11. In the present case, it has not been disputed that the assessee trust was duly registered under section 12AA of the Act. Thus, the only provision applicable to the assessee trust for the purpose of applying for registration is section 12A(1)(ac)(i) of the Act. Further, section 12AB(1)(a) of the Act provides that where an application is made under section 12A(1)(ac)(i) the Principal Commissioner or Commissioner shall pass an order in writing registering the trust or institution for a period of 5 years. However, in the present case, the assessee trust being registered under section 12AA and thus rightly made an application under section 12A(1)(ac)(i) of the Act, was granted Provisional Registration in Form 10 AC subject to certain conditions. It is pertinent to note that section 12AB(1)(c) deals with granting of Provisional Registration to the trust or institution for a period of 3 years from the assessment year from which registration is sought. However, the said section is applicable in cases where application is made under section 12A(1)(ac)(iv) of the Act. It is also not disputed that the Provisional Registration would be granted for a period of 3 years to the charitable institutions which are yet to start their activities. However, in the present case, the assessee trust was already holding certificate dated 30.10.2009 issued under section 12AA of the Act. We noticed that section 12AB(1)(a) of the Act, which deals with grant of Regular Registration for a period of 5 years does not authorise the Principal Commissioner or Commissioner to impose any conditions for grant of such registration. We further noticed that though the impugned order granted Provisional Registration subject to certain conditions, however, same was granted for a period of 5 assessment years i.e. from assessment year 2022–23 to assessment year 2026–27. We also noticed that the impugned order for provisional registration in Form 10AC was issued under section 12A(1)(ac)(i) of the Act, which provision merely deals with making an application for registration.
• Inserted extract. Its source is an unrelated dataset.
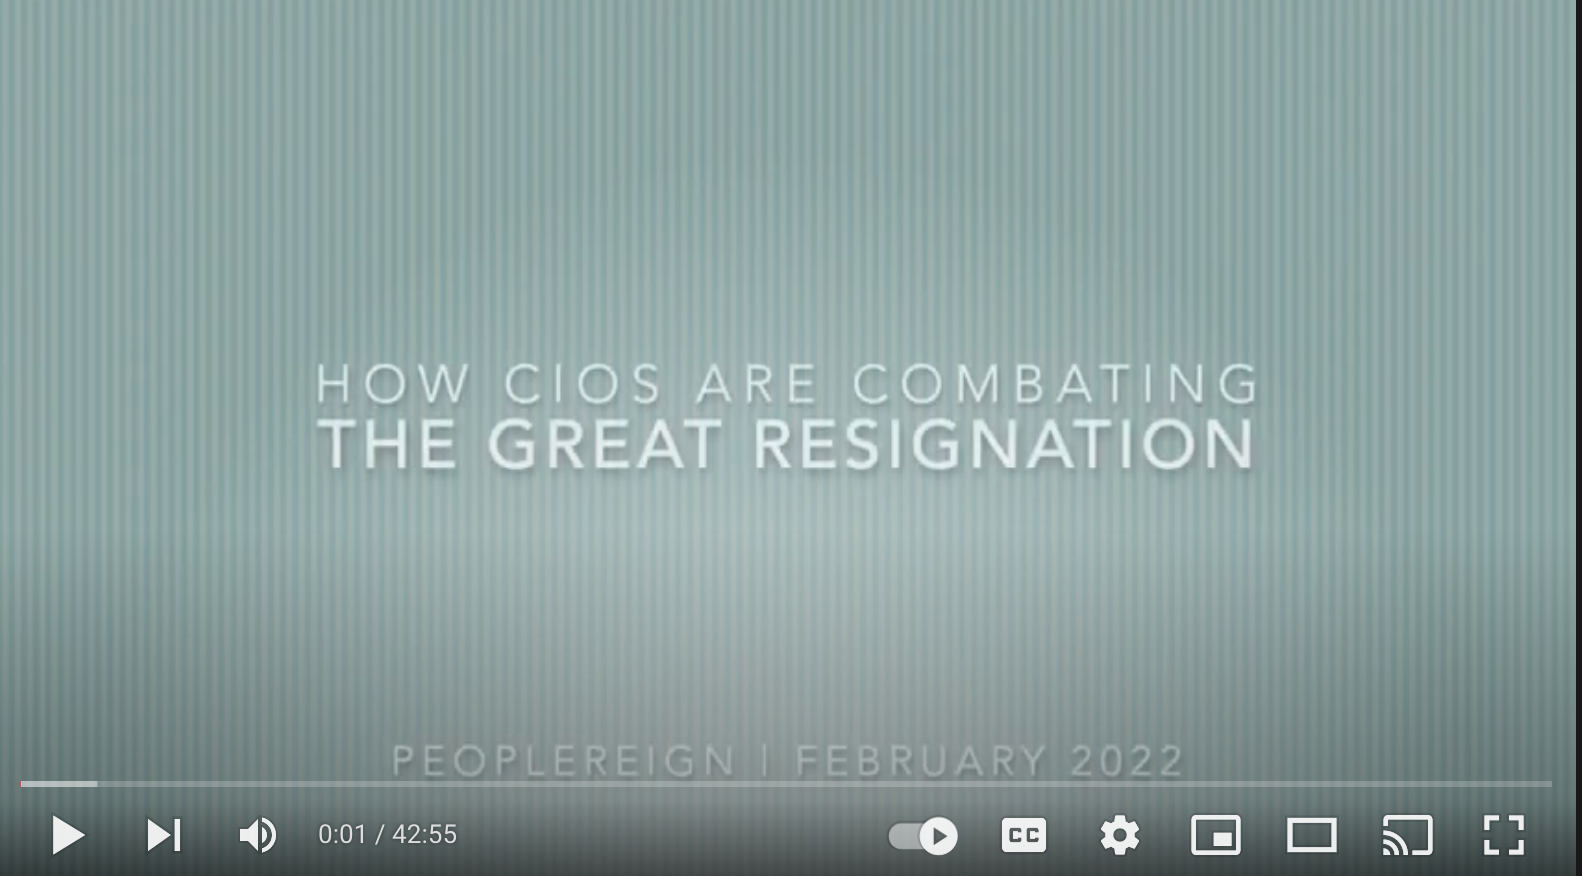 Great resignation slide

12. Thus, in view of the above, we are of the considered opinion that application filed by the assessee trust under section 12A(1)(ac)(i) was not properly considered for grant of registration under section 12AB of the Act. Accordingly, we direct the designated authority under section 12AB to de novo consider the application of the assessee trust under section 12A(1)(ac)(i) of the Act and grant the registration as per law. As a result, grounds raised by the assessee are allowed for statistical purpose.
13. In the result, appeal by the assessee is allowed for statistical purpose.